Romanian Palace of Parliament – Construction Madness

During the communist era, the idolatrization of the leader wasn’t an option, but a must. And the more important the leader, the bigger the impact on the surroundings, as monuments and buildings were designed as a constant reminder of his power and greatness.

As Romania had its share of communist regime (1947-1989), the Palace of Parliament (People’s House) in Bucharest, Romania, is just another example of a building designed for this purpose.

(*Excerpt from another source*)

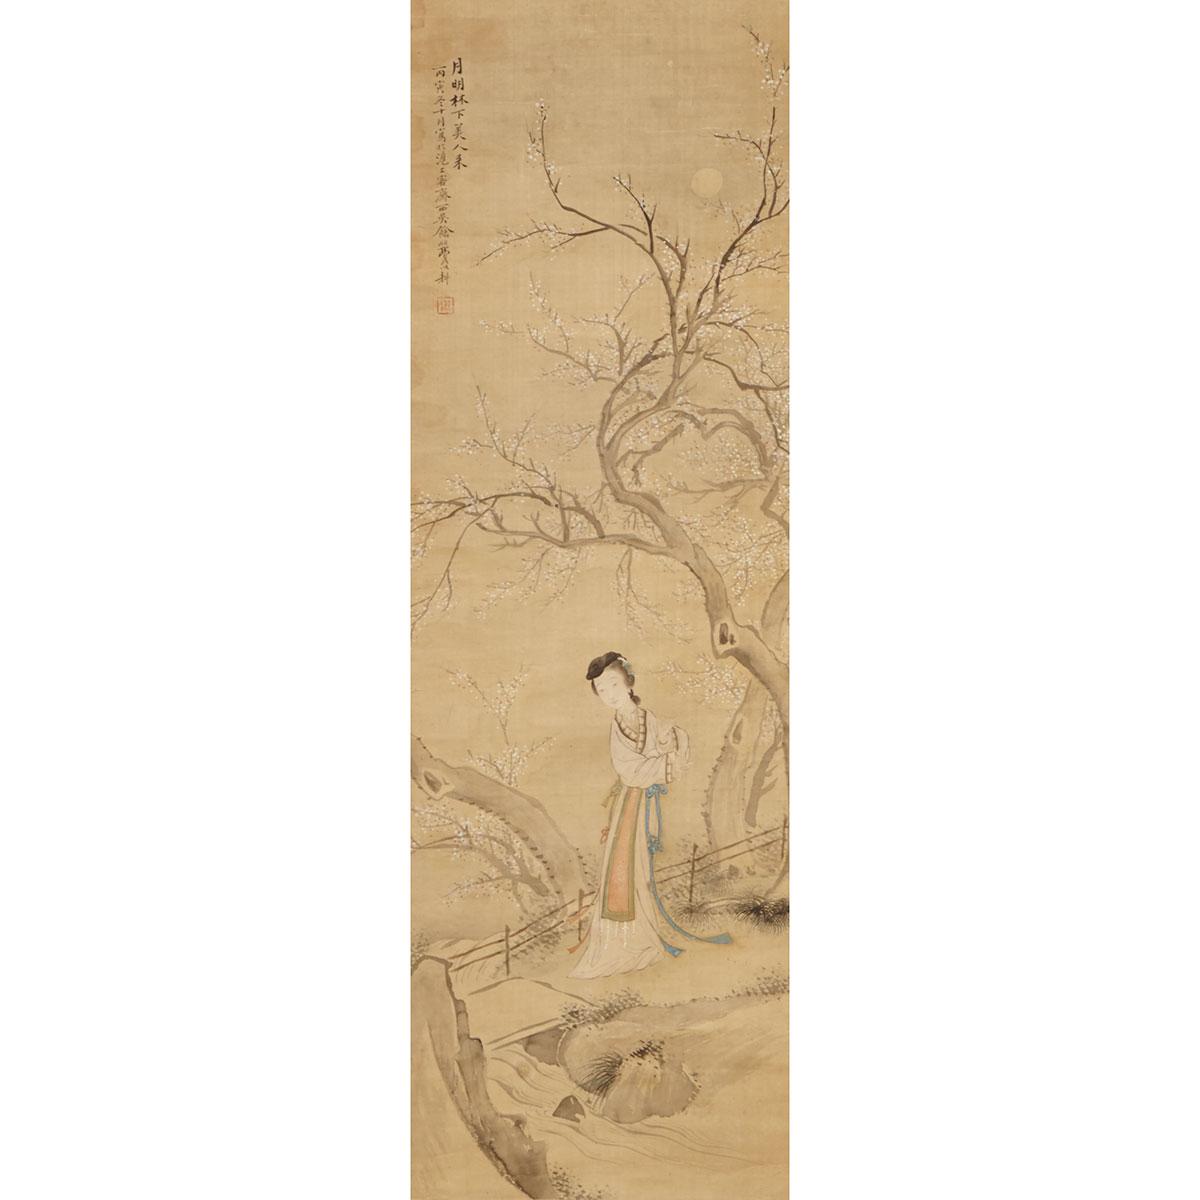 Attributed to Fei Yigeng (?-1870)

Palatul_ParlamentuluiKnown as Nicolae Ceaușescu’s dream construction, the project started with wiping out a large section of the central city. Have you ever heard of the expression: “moving mountains“? Most likely it was invented during that time, as large amounts of soil were moved, in order to create an artificial hill, for the building to sit on.

More than 700 architects and over 20,000 workers were at the location, 24 hours a day, for five years, in order to bring the project to life. Unfortunately, for Ceaușescu, he didn’t get to see his dream come true, as he was assassinated before the People’s House was finished.

Absolutely enormous construction which had swallowed tens of billions of lei, while many Romanians experienced a period of severe privations. One impressive investment is the glass ceiling of the ballroom, which can open to allow a helicopter to land inside the building! Probably this is the reason why, the building wasn’t very popular among citizens, at the beginning.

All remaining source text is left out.